Notwithstanding the urgency of the letter and dire warnings of a liquidity crisis, the Board of Trade fails to make a persuasive case that the stability of the local economy is threatened. In fact, the Board of Trade's bullish assessment of the area's economy may be the strongest argument against intervention by the president. With its repeated emphasis on the strength of the region's economy, the Board of Trade may have sent Bush mixed signals, in effect minimizing the concerns that prompted the letter.

"Ours is a strong economy," the Board of Trade assured Bush. "We have come through a period of almost unprecedented robust expansion," it noted before ticking off an impressive list of factors that help make the local economy as strong as it is.

"Our unemployment rate is 2.5 percent, the lowest of any metropolitan area in the United States," the board said. "Our commercial office space market last year led all other metropolitan areas in the United States by leasing more than 12 million square feet of space ... Three-fourths of the world's multinational corporations have offices in our market ... Almost 10 percent of all biotechnology companies in America are located in our region."

Still, the area's business leadership worries about the possible effects of bankers' decisions to be more cautious about lending to certain loan applicants. Uncertainty, says the Board of Trade, "threatens to choke off business activity that relies on efficient and accessible credit markets ... We can quickly find ourselves in intensive care."

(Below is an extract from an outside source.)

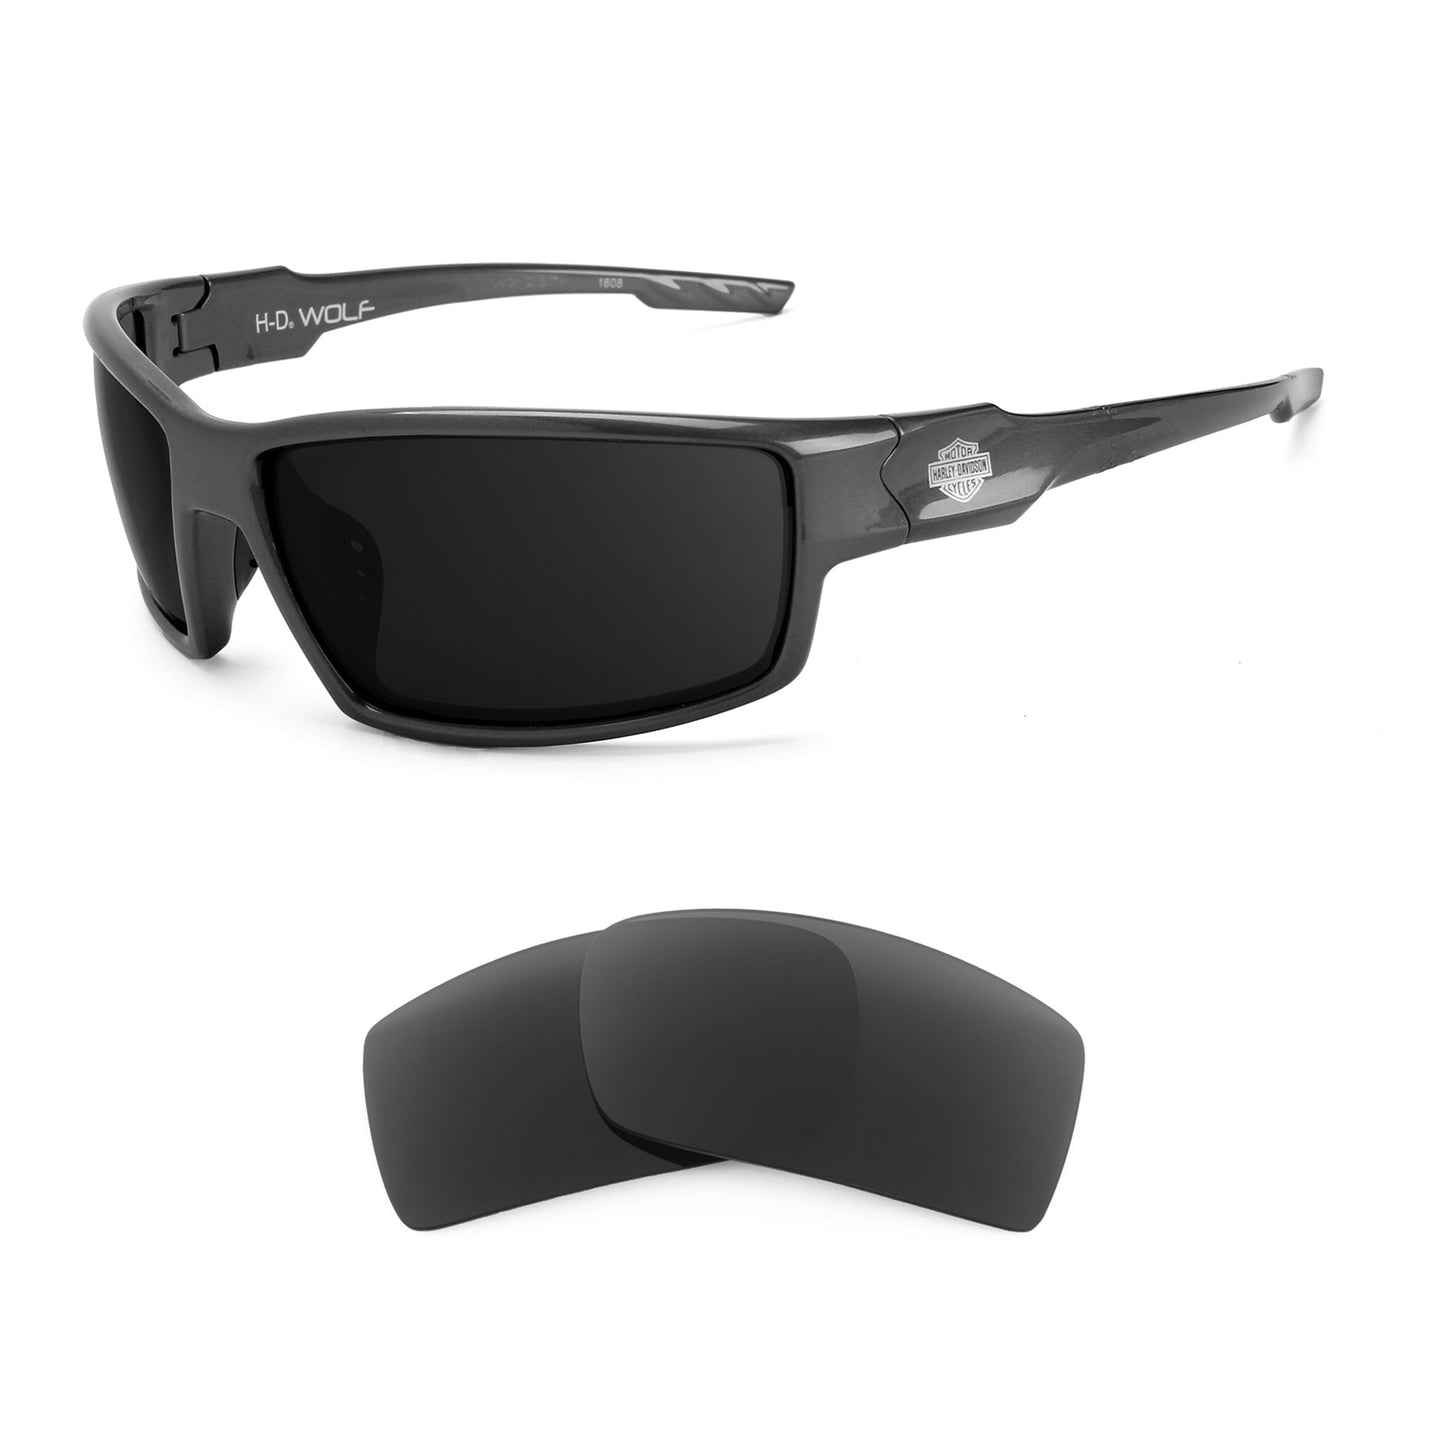 Harley Davidson Wolf sunglasses with replacement lenses
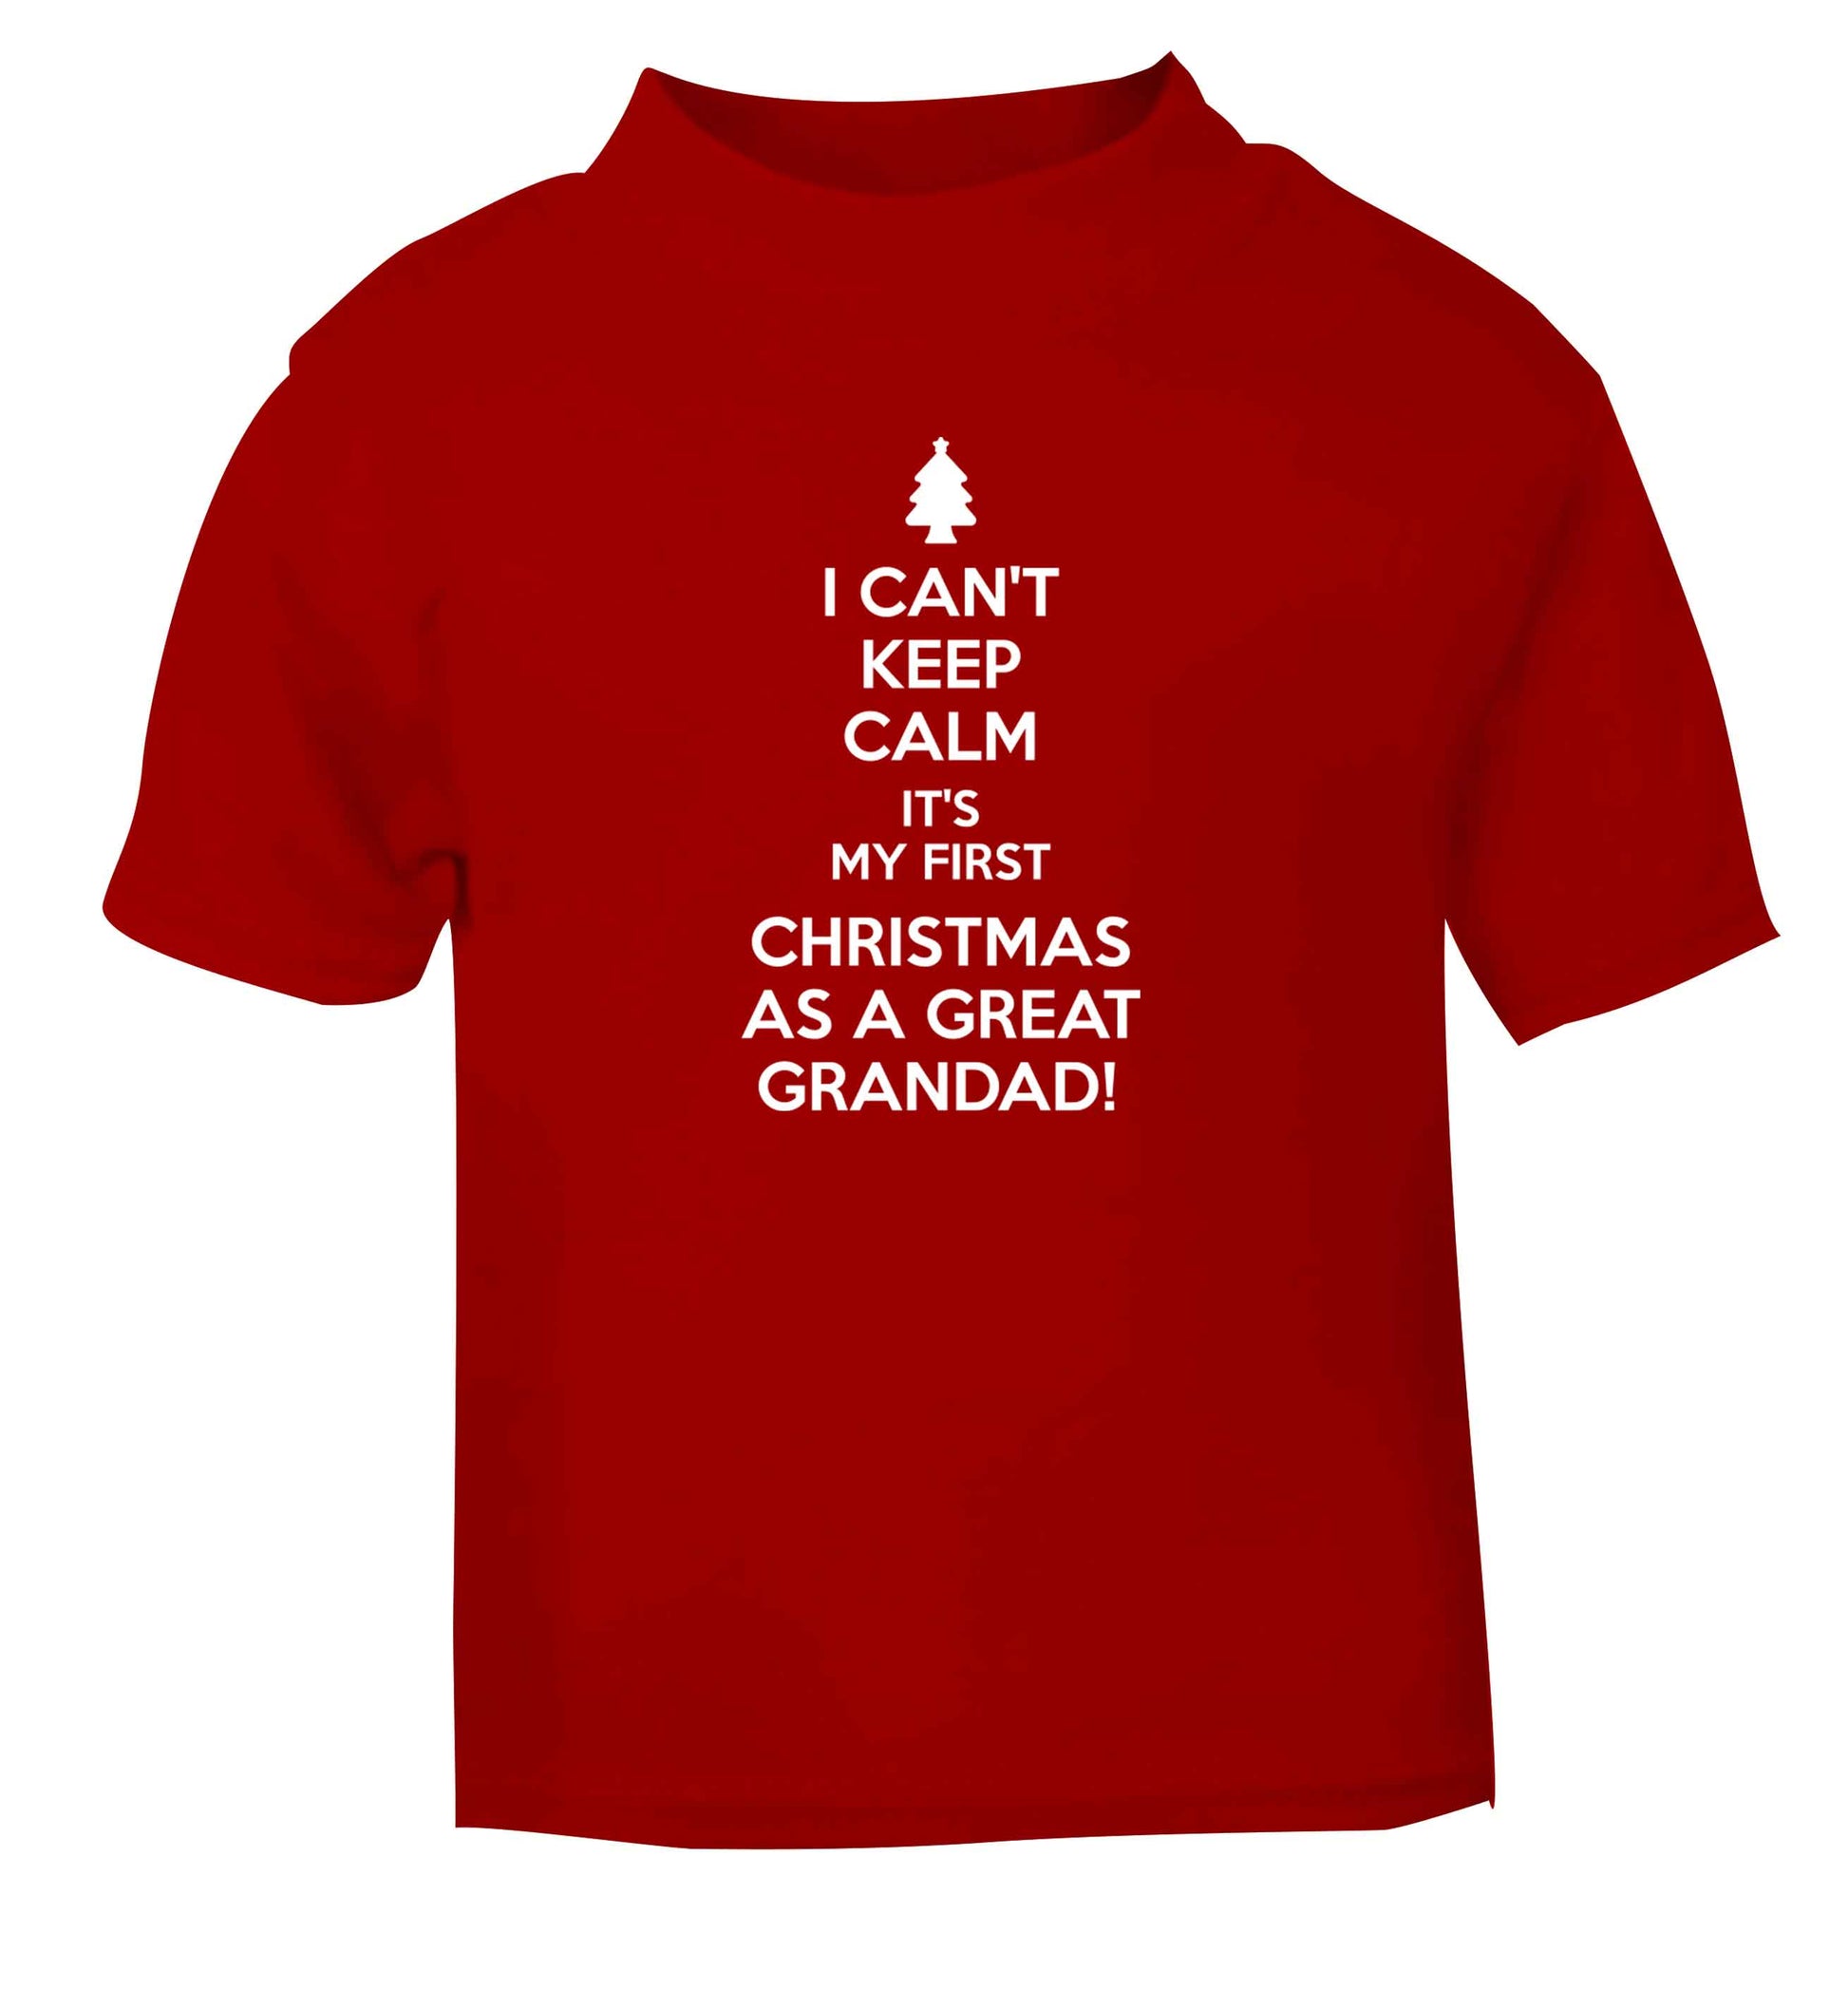 I can't keep calm it's my first Christmas as a great grandad! red Baby Toddler Tshirt 2 Years

Although two bankers signed the letter to Bush, not all agree that the situation is as bad as business leaders say it is. Not only did a prominent local banker dismiss the notion that there is a credit crunch, but emphasized in a recent conversation with reporters that stricter loan approval policies went into effect at least two years ago. Real estate developers in particular, he said, are being asked to provide more information about cash flow, their net worth and their ability to repay loans. Building owners not only must show that their properties are substantially leased but must demonstrate the ability of tenants to pay the rent, he said.

That's the norm and not the exception. And it's not so much regulatory pressure to curb lending as much as it is market forces. Not only did some financial institutions in the area recently report losses because of sour real estate loans, but several have added substantially to their reserves for possible losses from the same types of loans.

The stricter loan policies certainly aren't being applied only to real estate industry borrowers. "If you are a small- to medium-sized company and you hit a bump in the road, you might see your banker react differently than he would have a year ago," a local banker recently told a reporter for The Washington Post. "The ones that are shaky are getting the hardest hit."

Even if the president intervenes and orders bank regulators to back off, Washington area banks will continue to follow a more stringent policy when it comes to making loans, especially to high-risk borrowers. The pressure to do so won't come from regulators but from stockholders and battered loan portfolios.